Love And Carriage Cake
light corn syrup
Cake serves 12.
We suggest you tint all icings at one time while cake cools. Refrigerate tinted icings in covered containers until ready to use (bring to room temperature for decorating).
Make 5 cups buttercream icing:
Tint 1 1/2 cups light rose (thin 1 cup with 1 tablespoon light corn syrup)
Tint 1/4 cup dark rose
Tint 1/4 cup copper (skin tone)
Tint 1/4 cup black
Tint 1/4 cup lemon yellow
Reserve 2 1/2 cups white (thin 1/4 cup with 3/4 teaspoon light corn syrup)
Make 1/4 cup royal icing:
Tint dark rose
Decorate in Order
In advance, use tip 3 and dark rose royal icing to make 5 bead hearts. Use tip 5 and dark rose royal icing to make 3 bead hearts. Make extras to allow for breakage and let dry.
In advance, make flower bouquet. Using tip 5 and dark rose royal icing, pipe a small mound for base. Using tip 16 and dark rose royal icing, cover mound with stars to form bouquet. Let dry overnight.
Using thinned light rose icing, ice cake sides and windows smooth.
Using thinned white icing, ice crown of carriage, and inside wheels smooth.
Using tip 3 and white icing, outline carriage roof, running board, hood, front bumper, crown and back.
Using tip 5 and dark rose buttercream icing, outline windows and pipe in scrolls below windows.
Using tip 16 and white icing cover carriage with stars.
Using tip 5 and white icing, pipe outline spokes on inside wheels.
Using tip 12 and white icing, pipe in wheels (smooth with finger dipped in cornstarch).
Using tip 3 and white icing, pipe dots on wheels and crown of carriage.
Using tip 12 and copper (skin tone) icing, pipe ball heads (flatten and smooth with finger dipped in cornstarch).
Using tip 3 and black icing, pipe dot eyes and outline mouths.
Using tip 3 and copper (skin tone) icing, pipe dot noses.
Using tip 3 and black icing, pipe outline hair on groom.
Using tip 3 and lemon yellow icing, pipe swirl hair on bride.
Using tip 5 and black icing, pipe outline arm on groom.
Using tip 5 and white icing, pipe outline arm on bride.
Using tip 3 and copper (skin tone) icing, pipe dot hands on bride and groom.

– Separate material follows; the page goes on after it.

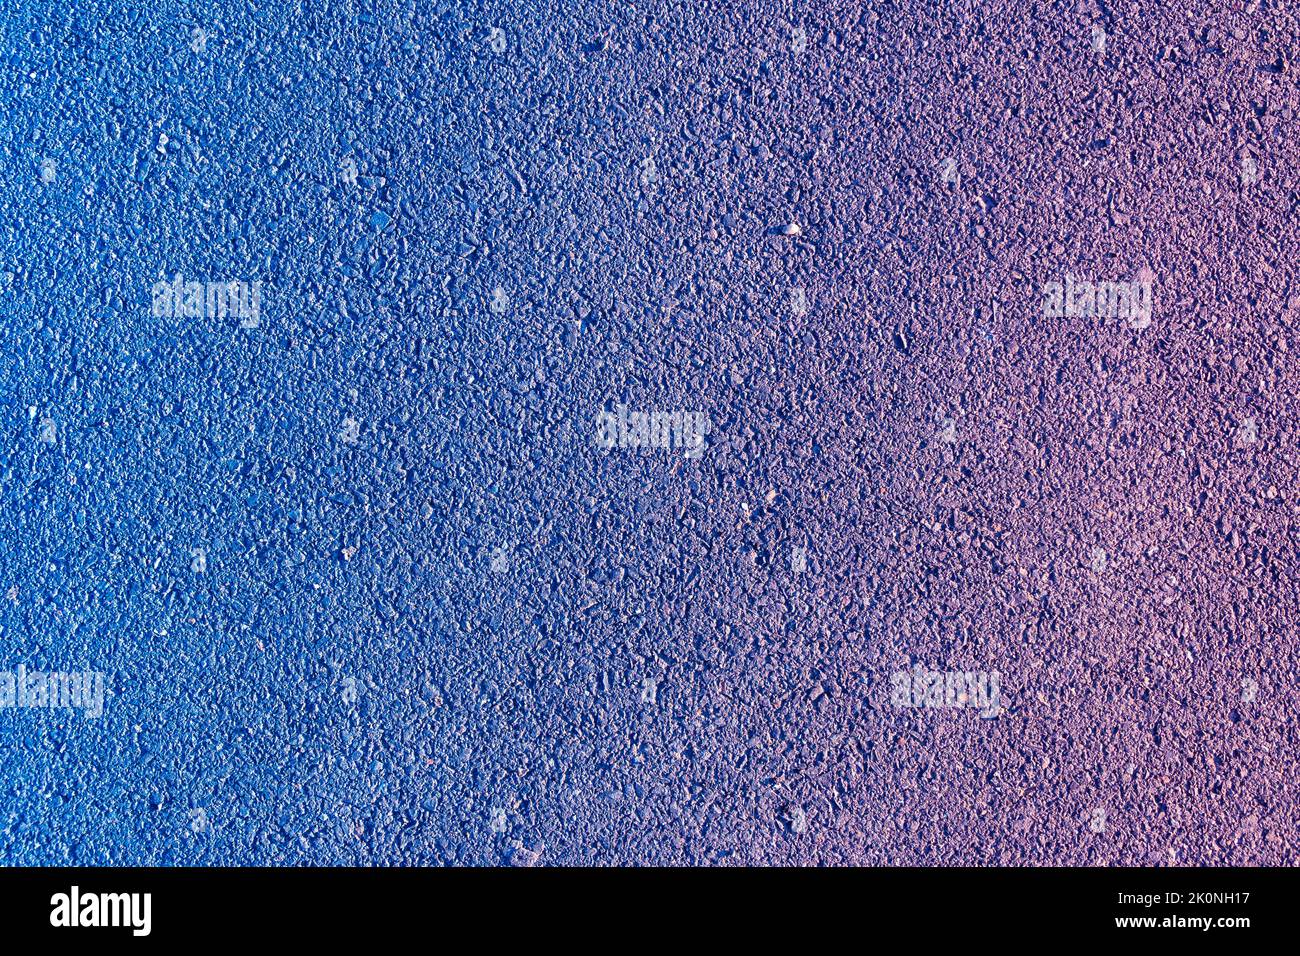 texture of a new asphalt pavement with small stone and sand with a purple-blue color gradient overlaid, selective focus Stock Photo
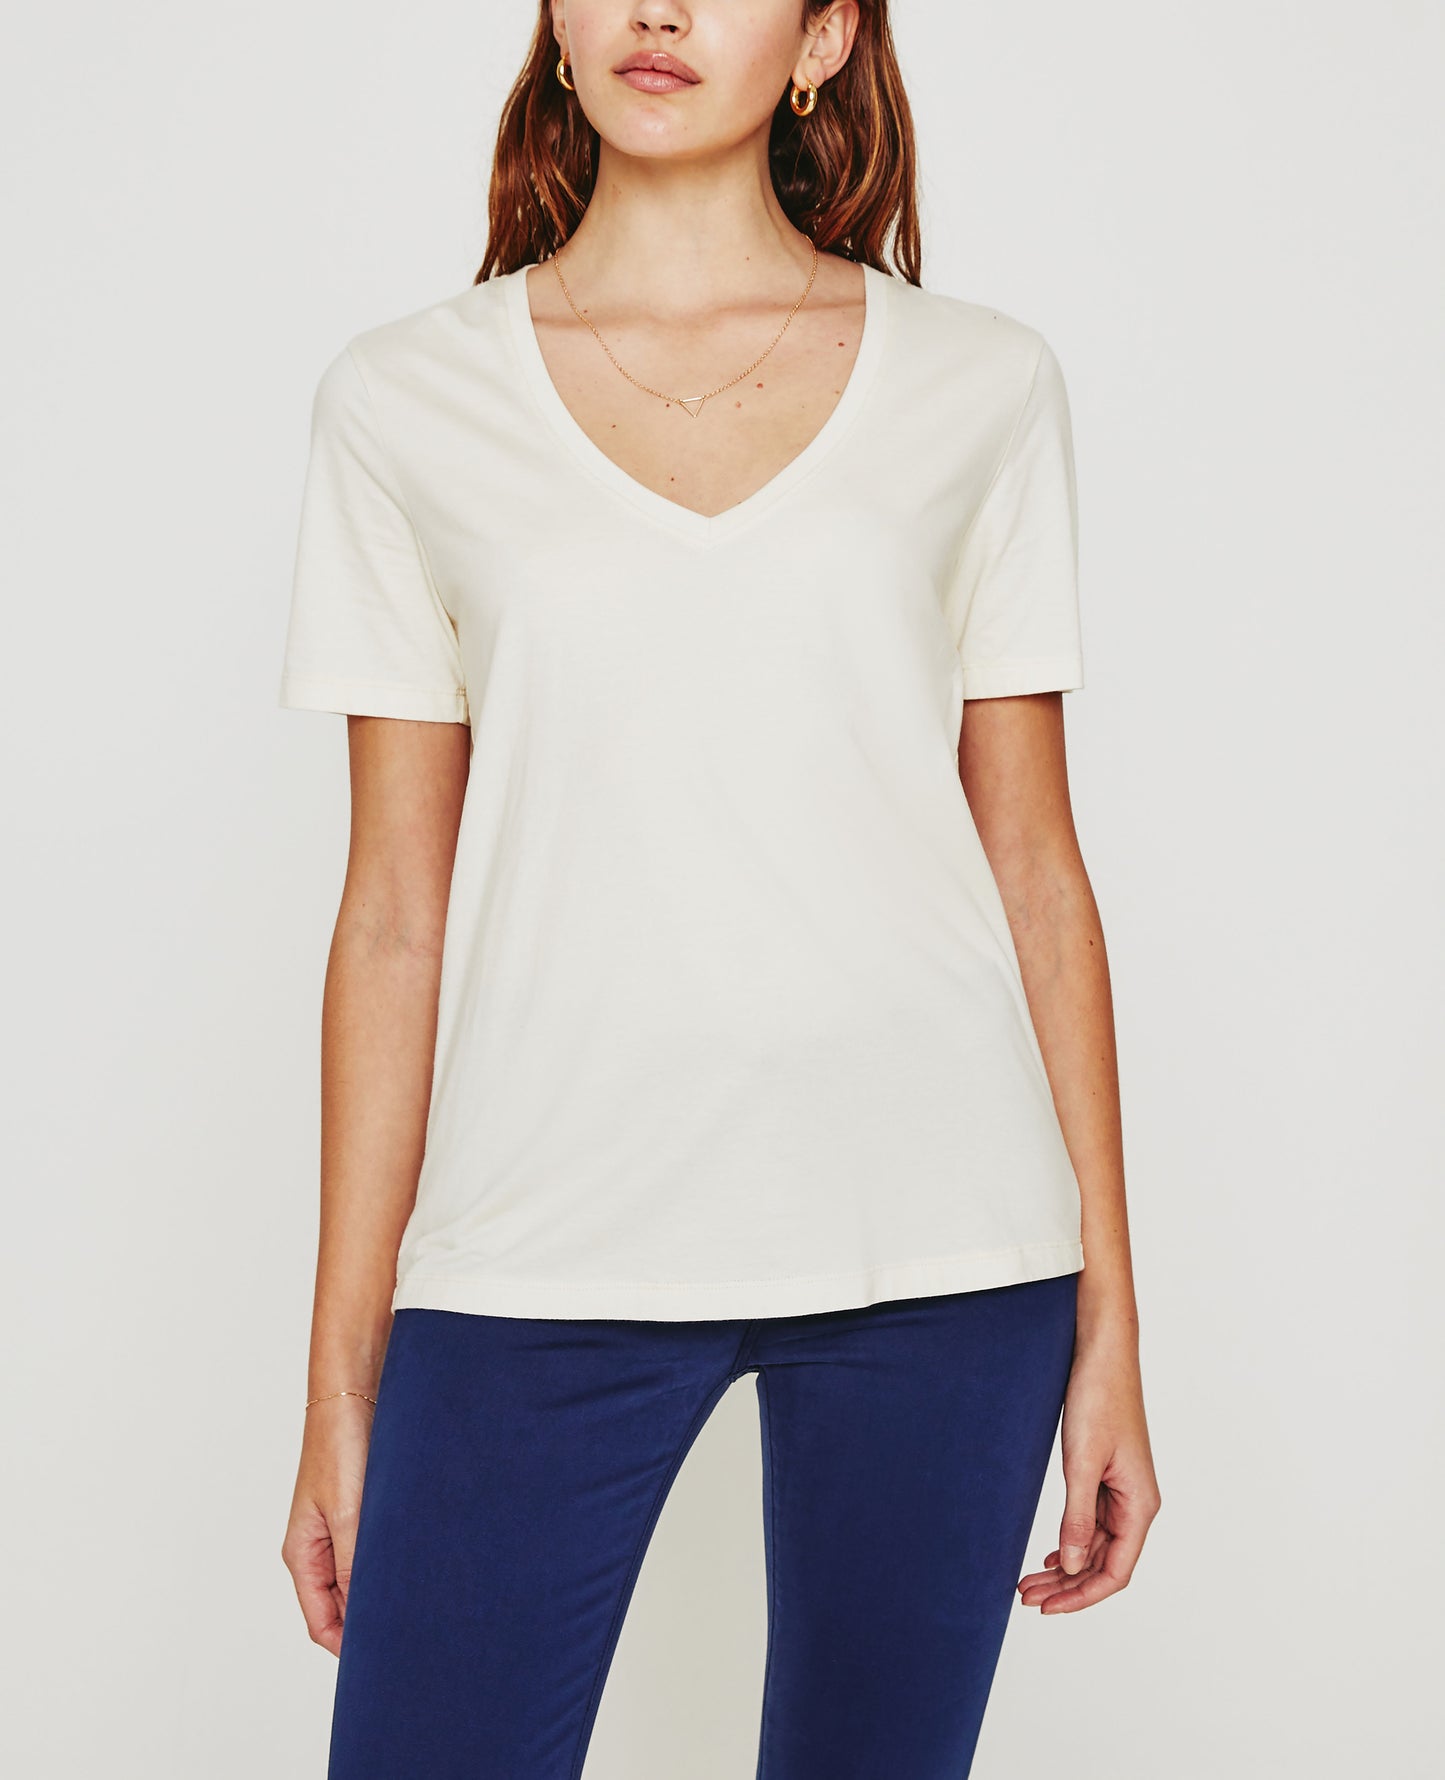 Jagger Vee Ivory Dust Classic Fit V-Neck Tee Women Tops Photo 1

Using tip 3 and white icing, pipe pull-out headpiece on bride.
Using tip 5 and white icing, pipe outline veil (pat smooth with finger dipped in cornstarch).
Using tip 3 and white icing, attach flower bouquet to bride and bead hearts to wheels and carriage with dots.
Using tip 5 and light rose icing, pipe bead bottom border.
Preheat oven to 350°F or temperature per recipe directions. Before first and after each use, we recommend hand washing pan in warm soapy water. Your cake will unmold easily, without sticking, when you prepare the pan properly. Grease the inside of pan using a pastry brush and solid vegetable shortening (do not use butter, margarine or liquid vegetable oil). Spread the shortening so that all indentations are covered.
Sprinkle about 2 tablespoons flour inside pan and shake so that flour covers all greased surfaces. Turn pan upside down and tap lightly to remove excess flour. If any shiny spots remain, touch up with more shortening and flour to prevent cake from sticking. (You can use vegetable oil pan spray or Wilton Cake Release or Wilton Bake Easy™ Non-Stick Spray, in place of solid shortening and flour).
Make one 2-layer cake mix according to package or recipe directions. Pour the cake batter into pan, and if necessary, spread the batter around with a spatula to fill all areas of the pan evenly. Be careful not to touch sides or bottom of pan.
Bake cake on middle rack of 350°F oven for 40-45 minutes or until cake tests done according to recipe directions.
Remove cake from oven and cool on cake rack for 10 minutes. While the cake is still in the pan, carefully slice off the raised center portion of the cake. This allows the cake to sit more level and helps prevent cracking.
To remove cake from pan, place cooling rack against cake and turn both cake rack and pan over. Lift pan off carefully. Cool cake at least one hour. Brush loose crumbs off cake.
To transfer cake to serving board, hold a cake board against cake and turn both cake and rack over. Lift off rack. Hold another board against bottom of cake and turn cake over. Be sure to hold cake, rack and board close together while turning to prevent cake from cracking.